Jump to: navigation, search

Contents

Introduction

In addition to job perusal implemented in WMS, gLite also ships with grid-stdout-mon - an external tool capable of monitoring job output. grid-stdout-mon works by periodically copying the job output and standard error from the worker node (WN) to a predefined storage element (SE). The tool consists of three commands:

  • grid-stdout-mon - periodically copies the job output from the WN to SE,
  • grid-stdout-mon-on - enables monitoring for the given job ID,
  • grid-stdout-mon-get - downloads output files from the SE to the UI.

grid-stdout-mon

grid-stdout-mon command should be started as a part of the user job, before the real job executable runs. It requires several environment variables to work:

  • DPM_HOST - defines the SE used to store the files,
  • LCG_STDOUT_MON_FLAG - should be set to ON_DEMAND for monitoring to work,
  • EDG_WL_JOBID - contains the jobid of the current job.

In addition to these, files to be monitored and the user VO are specified as command parameters. After querying the information system for the location of the VO directory on the SE, grid-stdout-mon forks into background and wakes up periodically to upload changes in output files to the SE. Output files are uploaded only if monitoring is enabled for the given job using grid-stdout-mon-on. Example job script using output monitoring could look like this:

 #!/bin/sh
 
 # set required parameters
 export DPM_HOST=egee2.irb.hr
 export LCG_STDOUT_MON_FLAG=ON_DEMAND
 export EDG_WL_JOBID
 
 # create monitored files
 touch stdout
 touch stderr
 
 # start monitoring script
 grid-stdout-mon -out stdout -err stderr -vo 
 
 # start the real job
 ./myapp >stdout 2>stderr

grid-stdout-mon-on

grid-stdout-mon-on enables monitoring for specified job by uploading a file with the list of job IDs (file_on_demand.log) to the SE (/<VOdir>/<UserDN>/ directory). grid-stdout-mon running on the WN downloads this file to check if the output files for a specific job should be monitored.

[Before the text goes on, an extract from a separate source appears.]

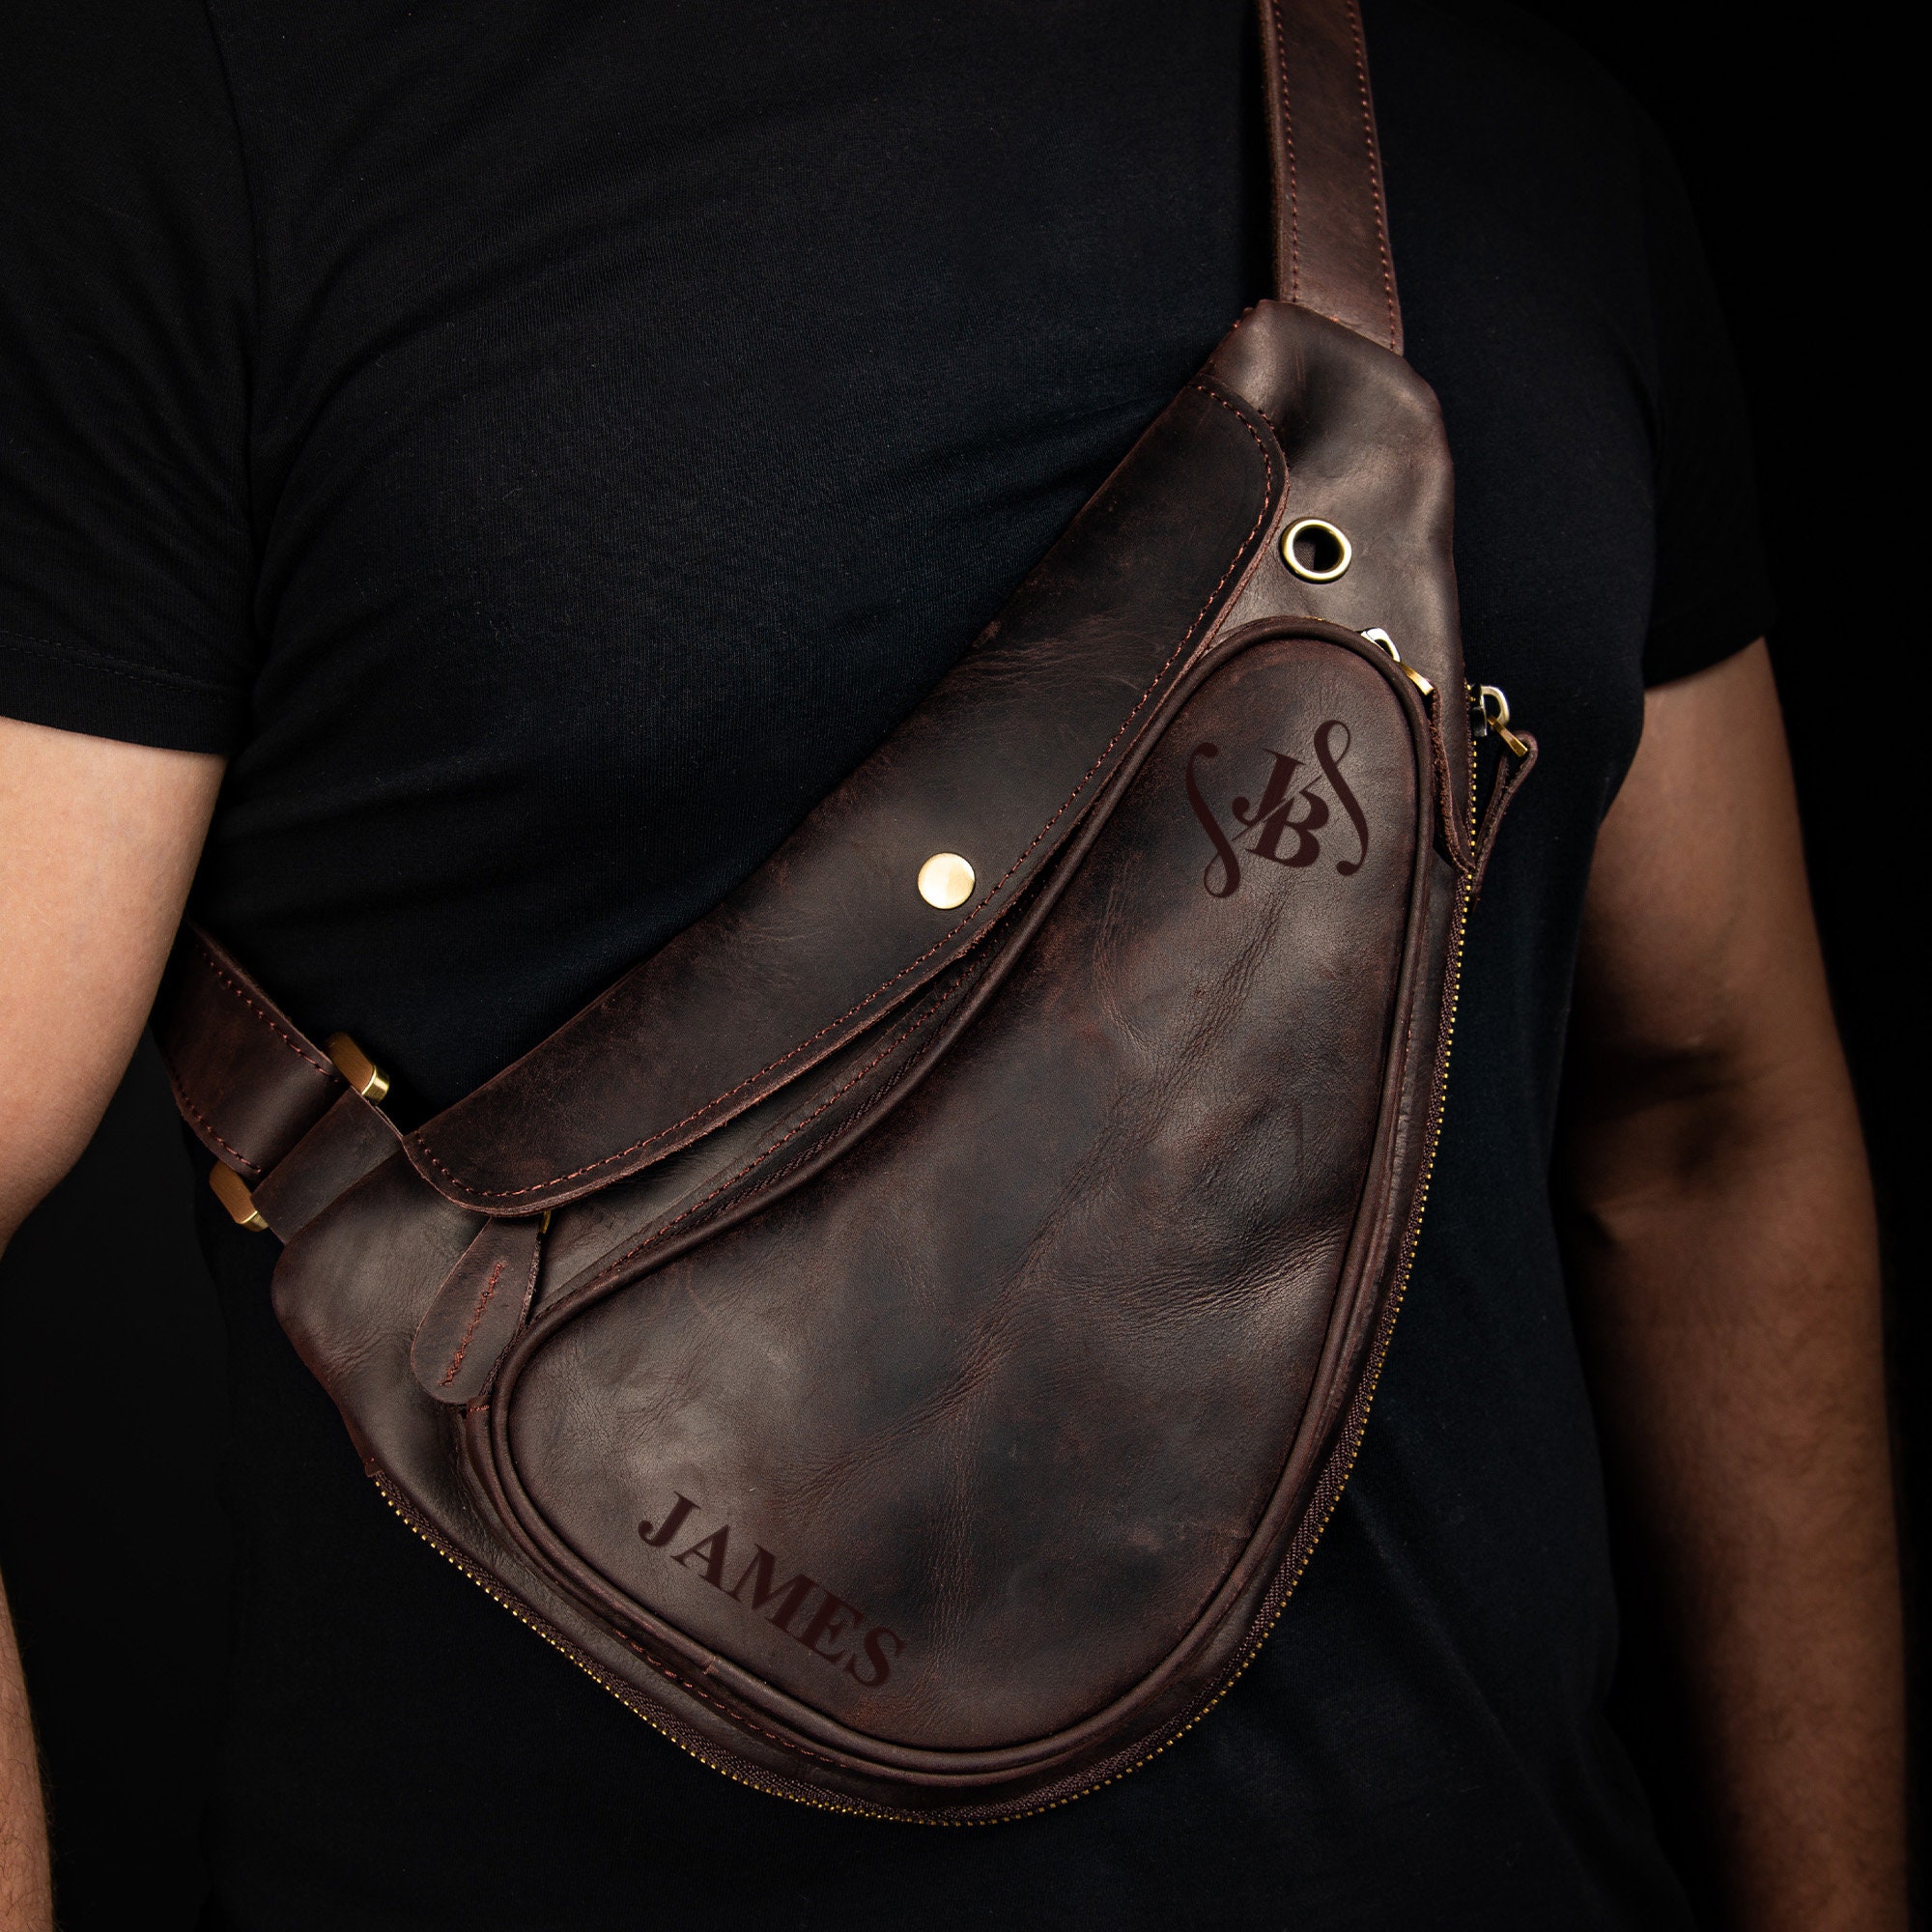 Custom Leather Sling Bag with Artwork / Logo of your choice. The

This command is run on the UI after the job is submitted to the RB:

 $ export DPM_HOST=egee2.irb.hr
 $ grid-stdout-mon-on -d egee2.irb.hr -v dteam -j https://g01.phy.bg.ac.yu:9000/RD-BMH9RPVtKZR2pB7Akdg
 DPM-SE:  egee2.irb.hr
 
 JobID: 0  IDRD-BMH9RPVtKZR2pB7Akdg
 
 File already exist on DPM. Copy it to location /tmp/file_on_demand.log

Command first checks if the file_on_demand.log exists on the SE, than downloads it, appends the requested job ID and uploads the updated file back to the SE. As can be seen from the output, only the last part of the job ID is used (protocol, host and port are stripped).

grid-stdout-mon-get

grid-stdout-mon-get downloads the output files from the SE to a directory on the local machine. Since the output files are stored in parts (grid-stdout-mon only uploads the part of the file that changed since the last upload), first the Status file is downloaded. It contains the list of parts and their respective sizes. Based on this information, parts are downloaded an merged into original files.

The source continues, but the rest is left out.